Single by Jennifer Warnes

from the album Jennifer Warnes
- B-side: "Daddy Don't Go"
- Released: January 1, 1977
- Recorded: July 1976
- Studio: Davlen Sound Studios
- Genre: Soft rock; adult contemporary; pop;
- Length: 2:53
- Label: Arista
- Songwriter(s): Peter McCann
- Producer(s): Jim Ed Norman

Jennifer Warnes singles chronology
| "These Days" (1972) | "Right Time of the Night" (1977) | "I'm Dreaming" (1977) |

= Right Time of the Night =

"Right Time of the Night" is the title of a composition by Peter McCann, which became a top-ten hit single in 1977 via a recording by Jennifer Warnes.

==Composition==
Peter McCann would recall his inspiration for writing "Right Time of the Night": "I was out at the beach at Malibu, and it was one of those perfect sunsets. I was there for the entire evening, and the sun went down and the stars came out. But...and it was totally accidental - I didn't mention the beach [or] anything like that [in the lyrics] because that would have regionalized [the song]." McCann had been working as a staff writer for American Broadcasting Music for roughly a year without composing a high-profile song: (Peter McCann quote:) - "I played ['Right Time...'] for [boss] Gerry Teifer...For the first time...he let me play [a] whole song through, and then he did something he'd never done before. He said: 'Play that again.' I played it again, and he goes: 'Wait here.' He brought in everybody in the building who was working there and said 'Play it.' I played it, and they all cheered and went nuts. I thought it was just another song I had written, but apparently not."

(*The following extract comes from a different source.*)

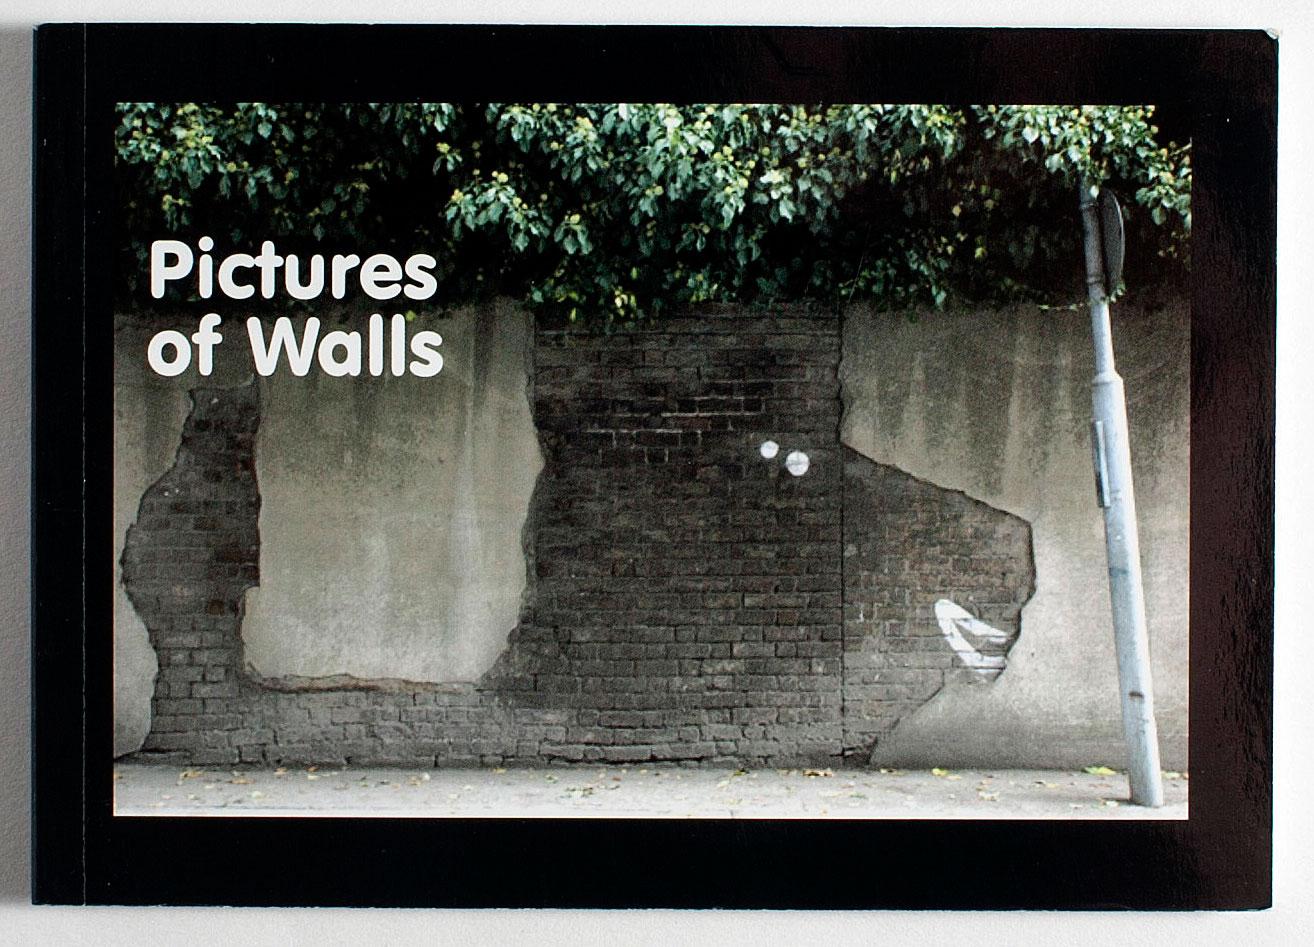 epm-print-management-bristol-art-books-pictures-on-walls-2.jpg
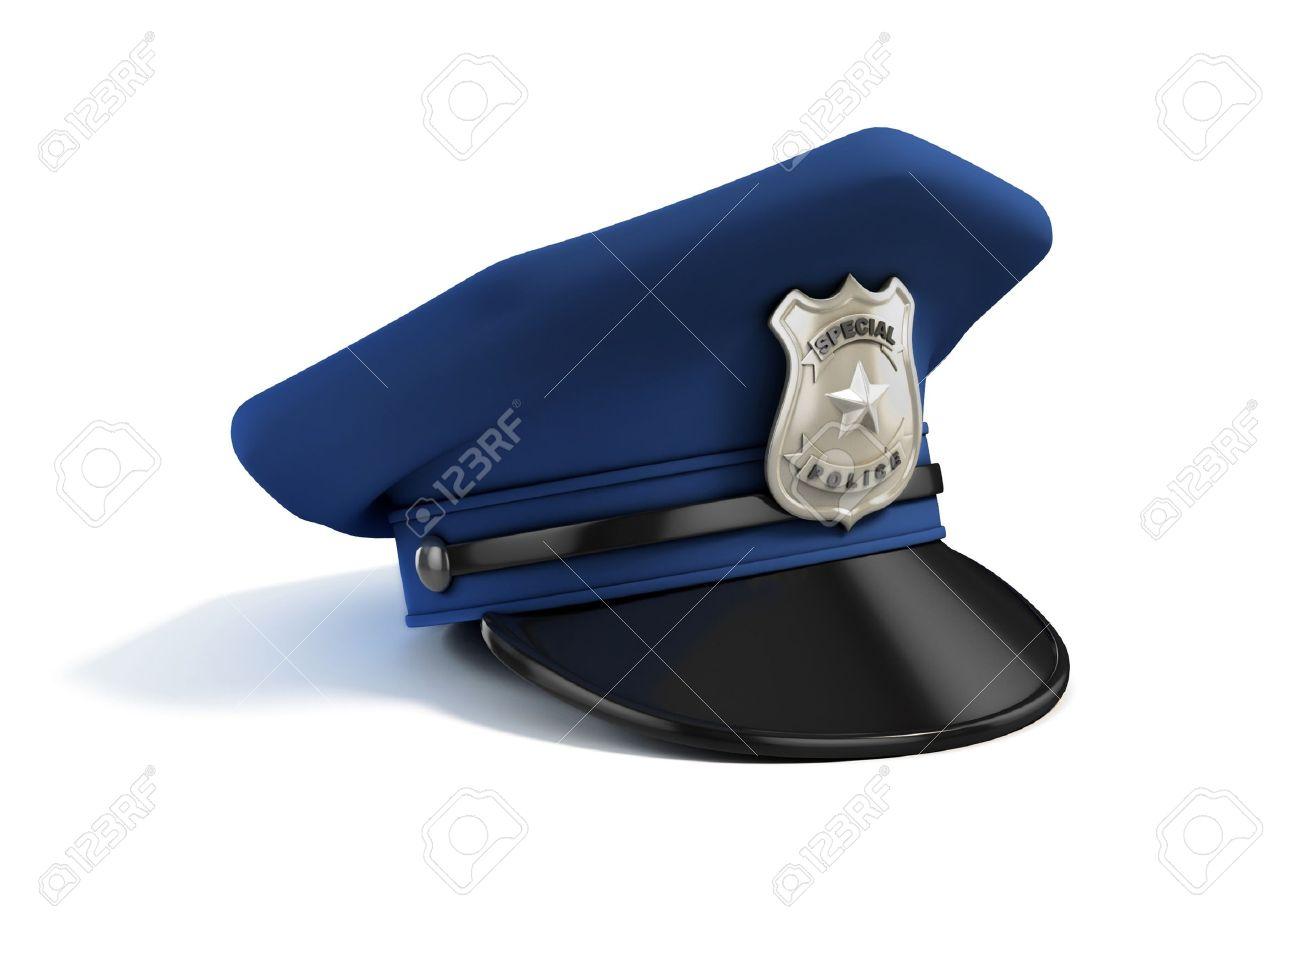 police hat 3d illustration Stock Photo - 12331308

| Writer Peter McCann on "Right Time of the Night" |
|---|
| "Right Time of the Night" is intended to make people sigh and hold hands. "Do You Wanna Make Love" is intended to make them think. If I can keep writing songs that have that kind of an identification, that kind of a purpose, then I'll have a career....I don't think there are too many people who couldn't sing "Right Time of the Night". You want a lot of people to record a lot of your songs...You aim for...that kind of a reputation. A lot of people think I should be upset because Jennifer [Warnes] had a hit with "Right Time of the Night" but...it did as much for me as it did for her in terms of reputation and everything like that." |

Originally written and recorded by Peter McCann for his 1977 self-titled album, "Right Time of the Night", which would serve as the B-side for McCann's own 1977 top ten hit "Do You Wanna Make Love", featured a distinct second verse that was eventually reworked by Jennifer Warnes; she herself wrote lyrics for a less overtly masculine second verse which McCann rejected, eventually himself writing new second verse lyrics deemed female-friendly. Prior to the release of Warnes's version of "Right Time", Bette Midler expressed an interest in recording the song but asked that the bridge be reworked, a stipulation McCann was still working on when Warnes's version reached the charts, at which point work on a Midler version was dropped.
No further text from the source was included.